• Collected material

BEGIN

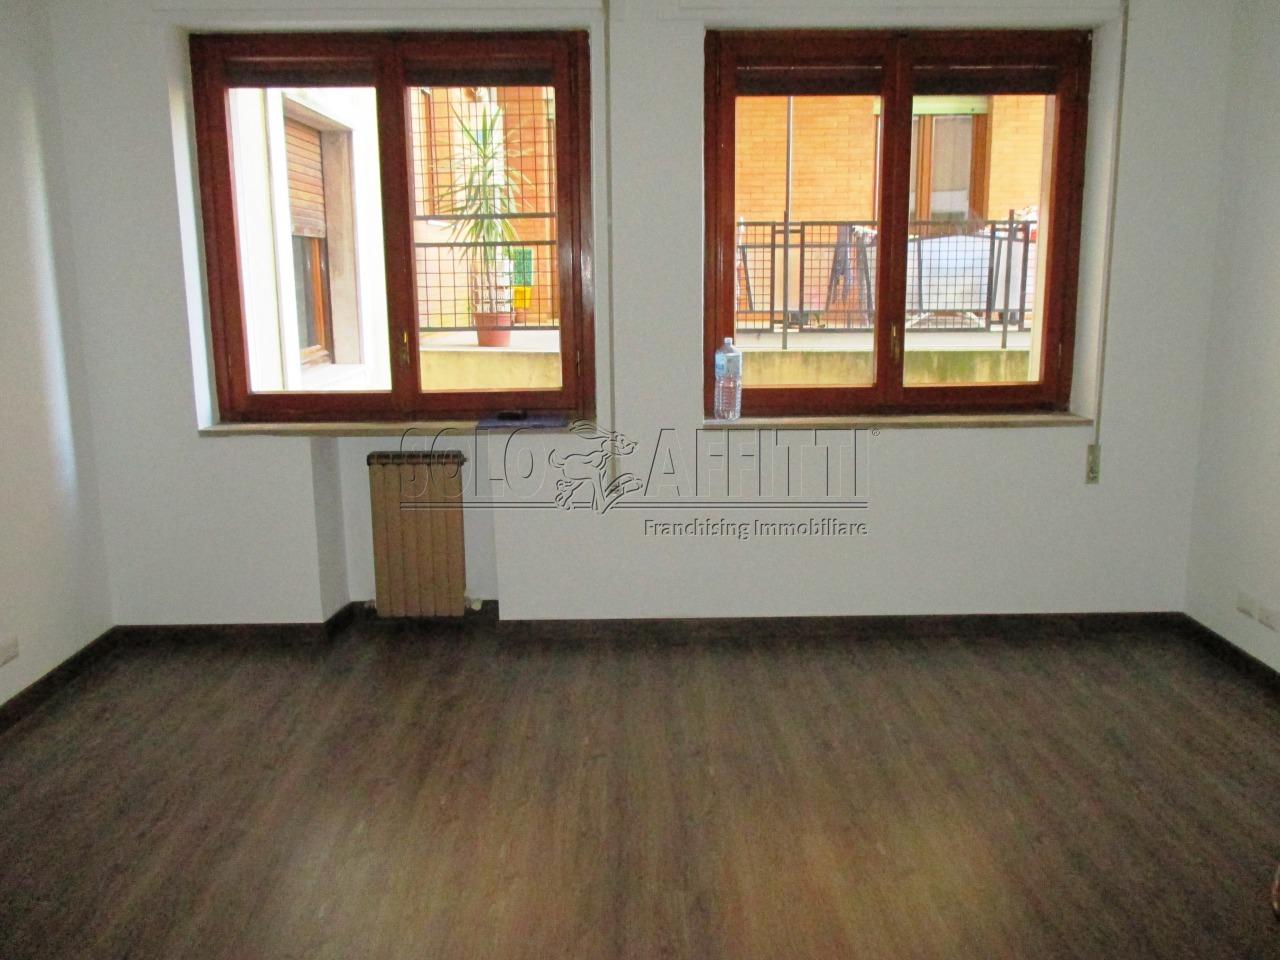 Ufficio diviso in ambienti/locali in affitto - 70 mq
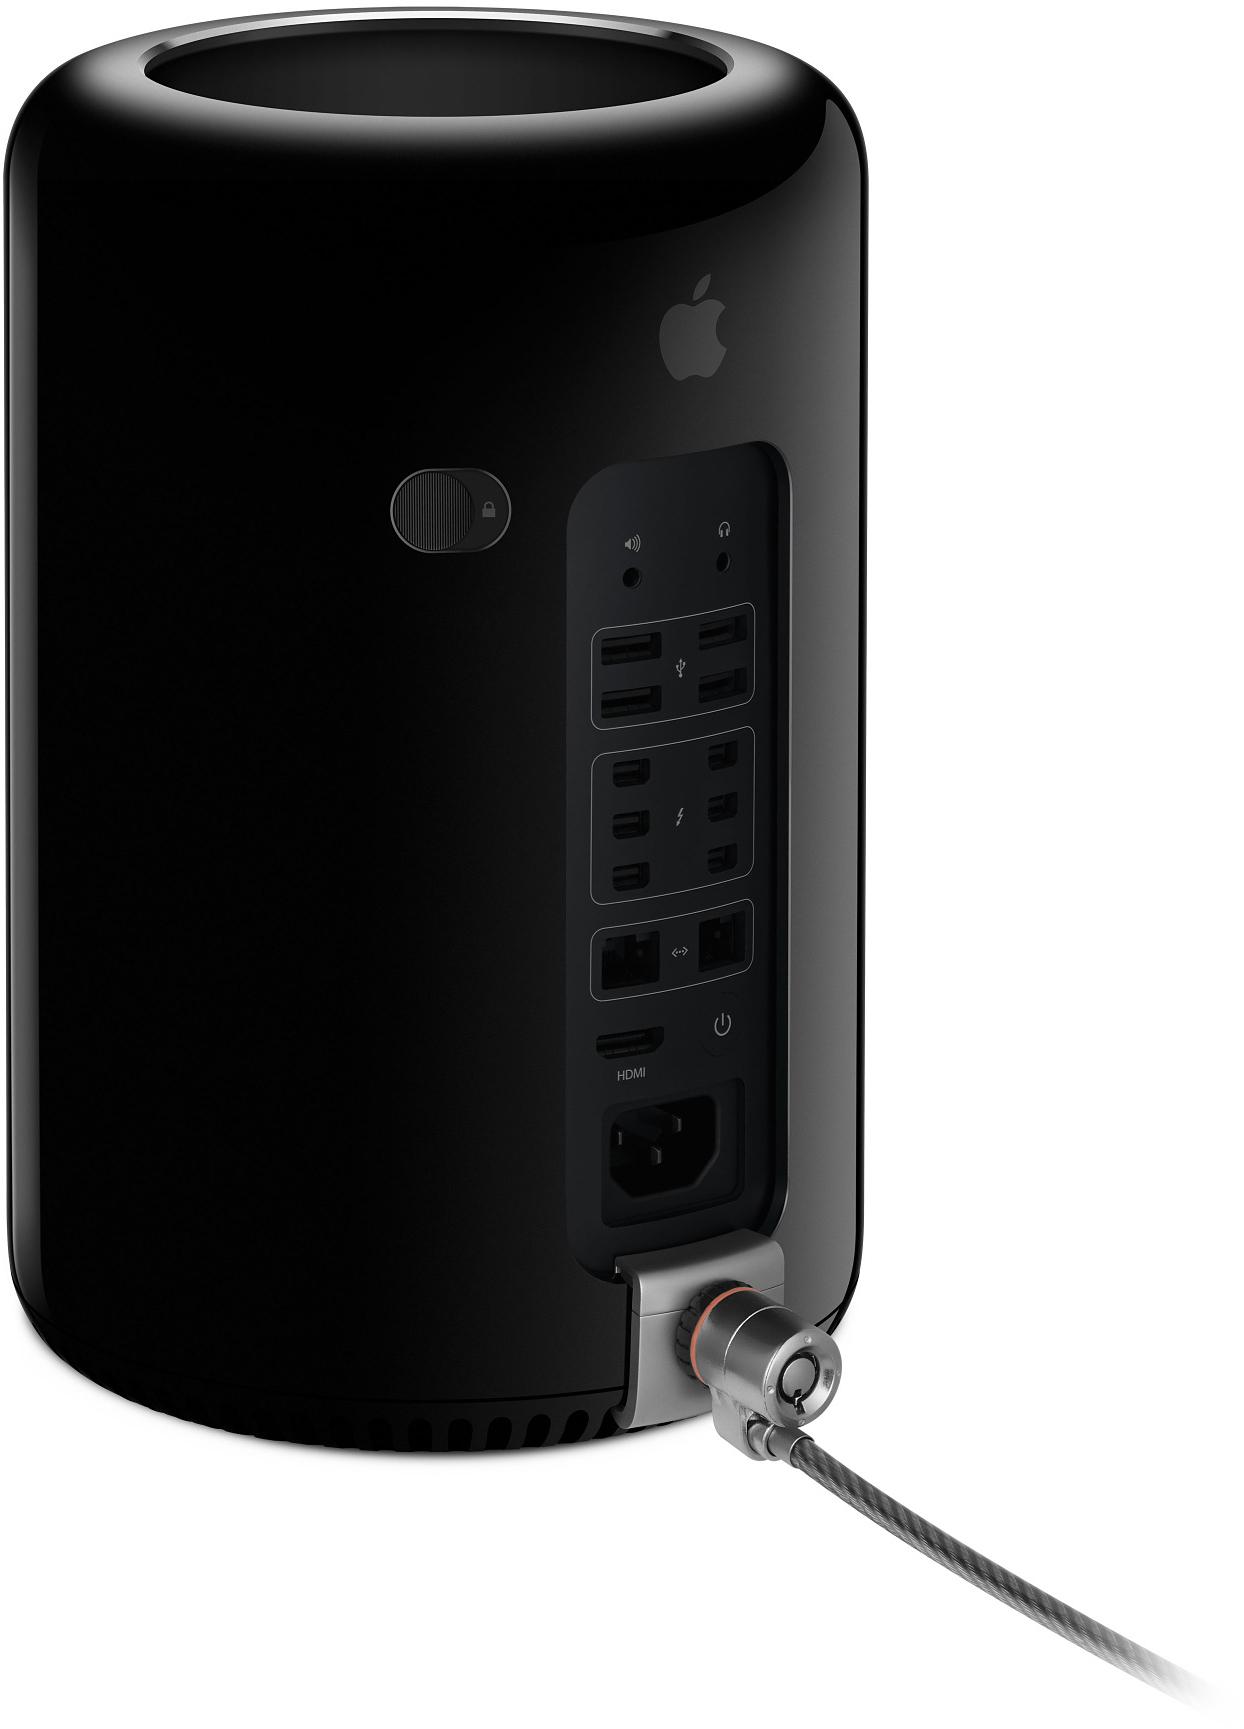 Adaptador de trava de segurança do Mac Pro
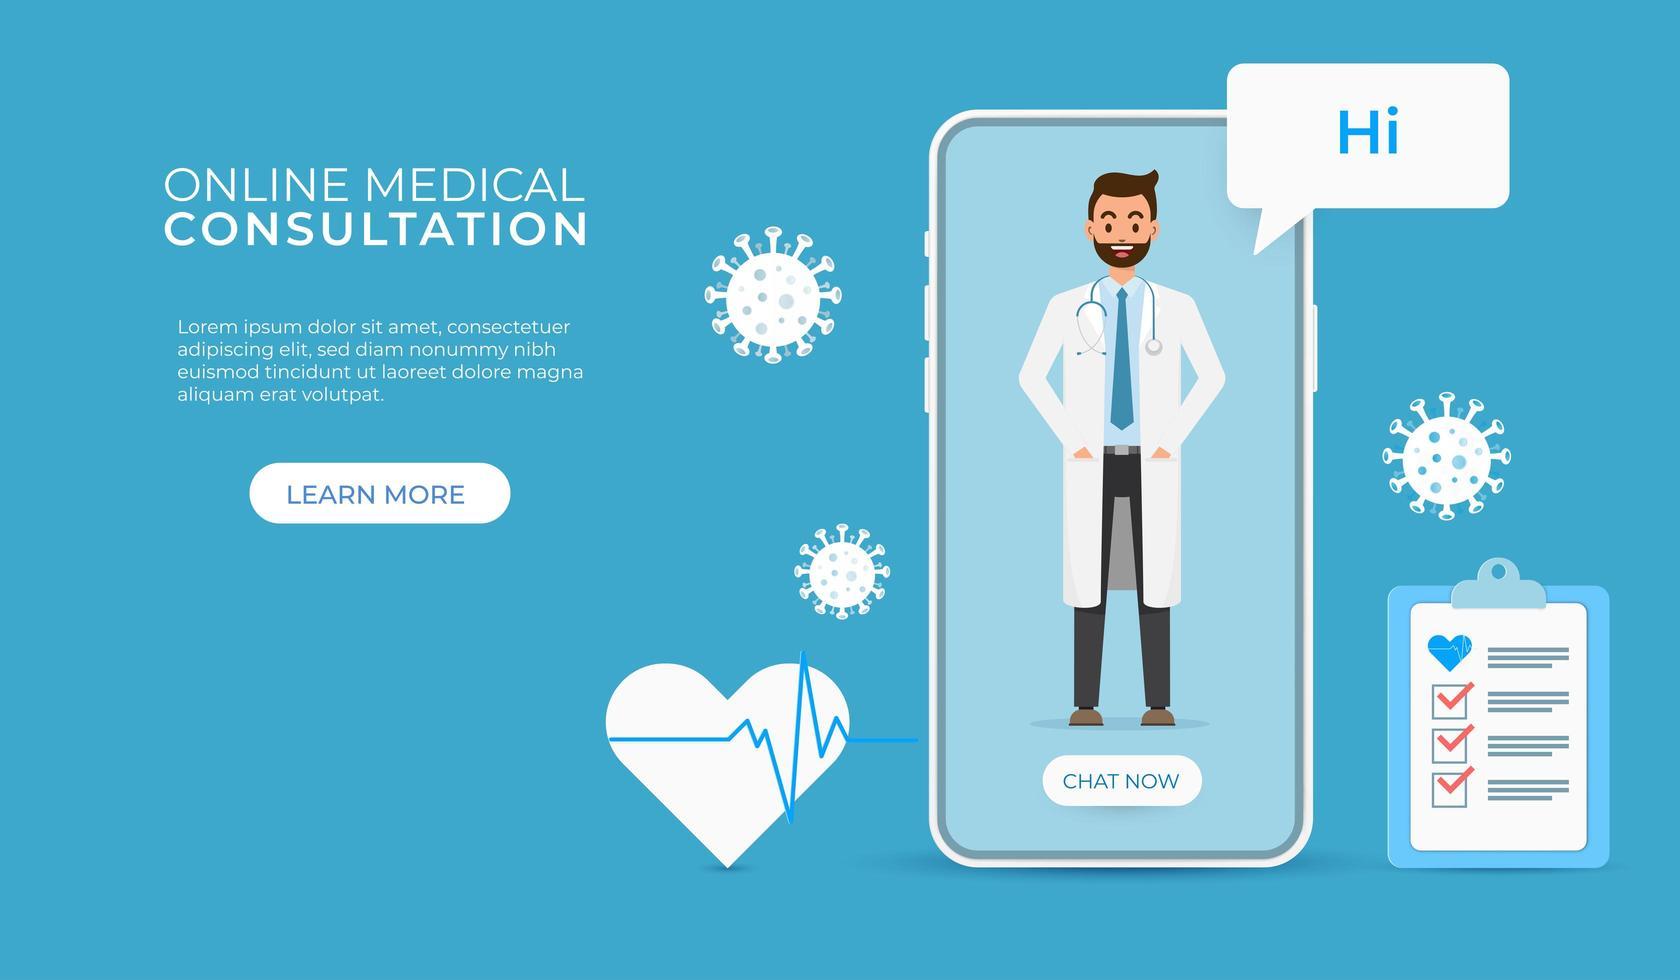 online overleg met arts mobiele applicatie technologie concept vector
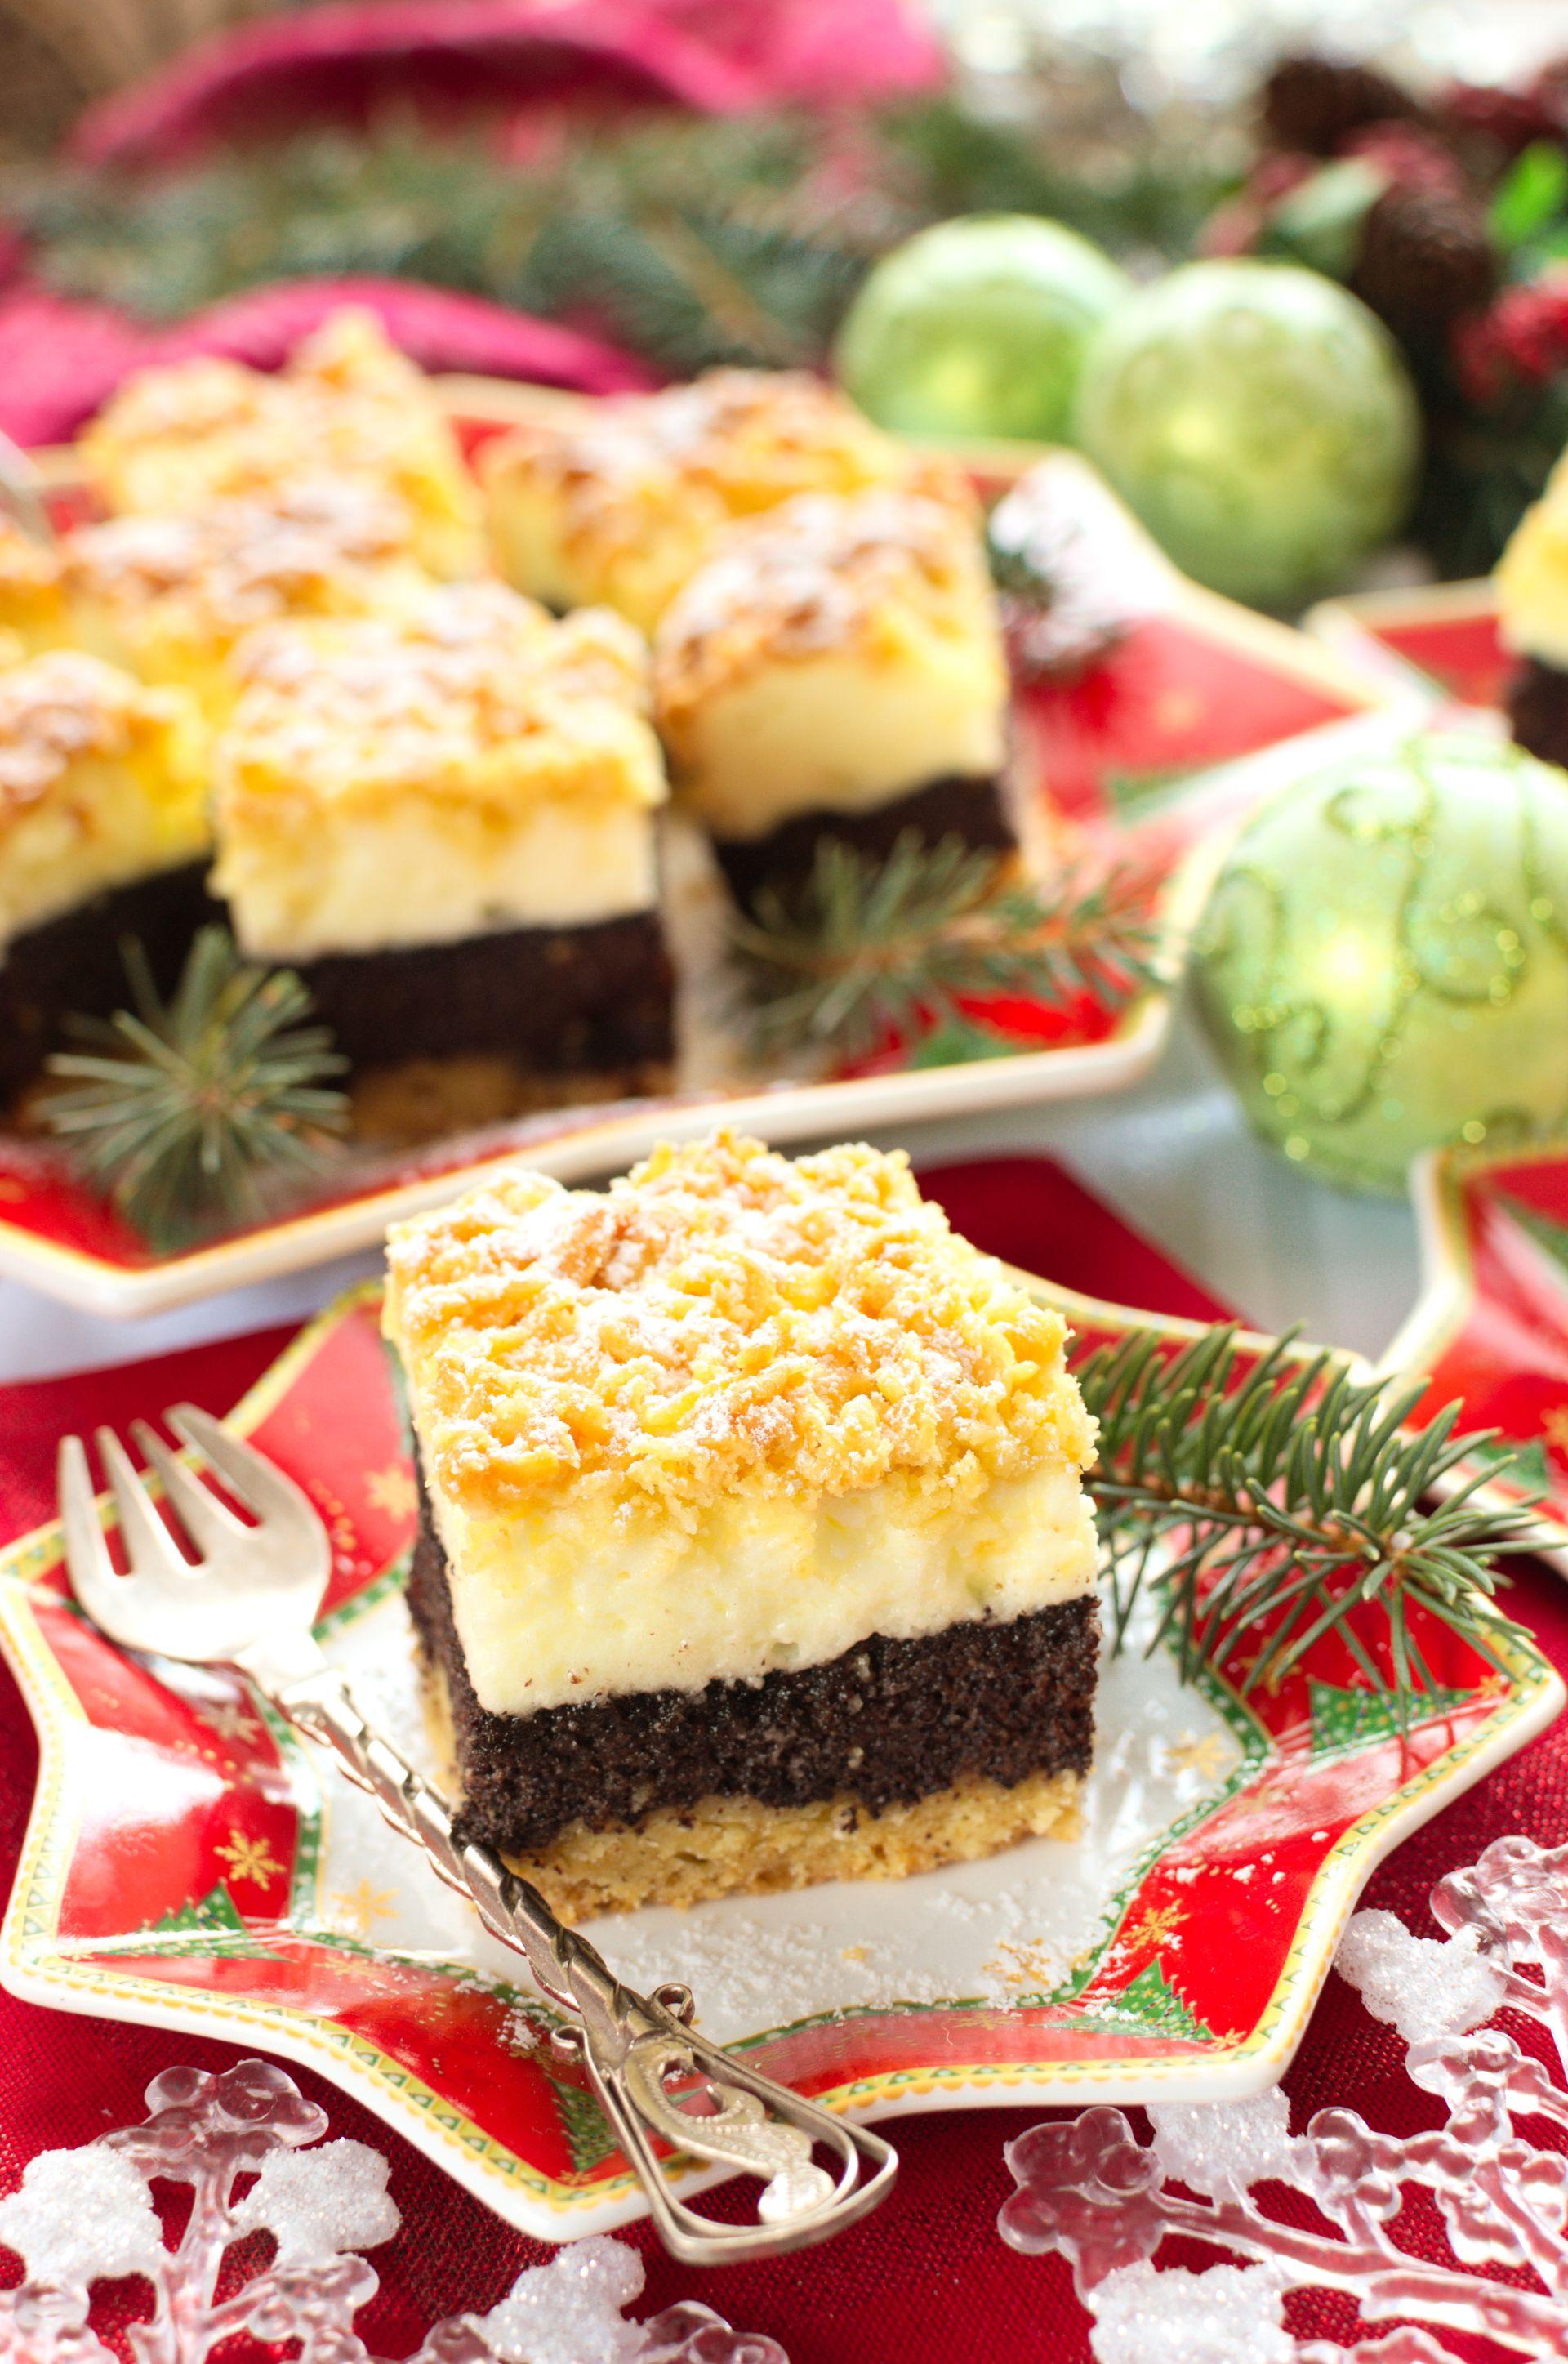 Kruche ciasto z makiem i budyniową pianką

END

Write out exactly the lines from the line that contains "online overleg met" to the last line of the material above, both included; pictures do not belong in the copy.

• Task answer
 online overleg met arts mobiele applicatie technologie concept vector
 Kruche ciasto z makiem i budyniową pianką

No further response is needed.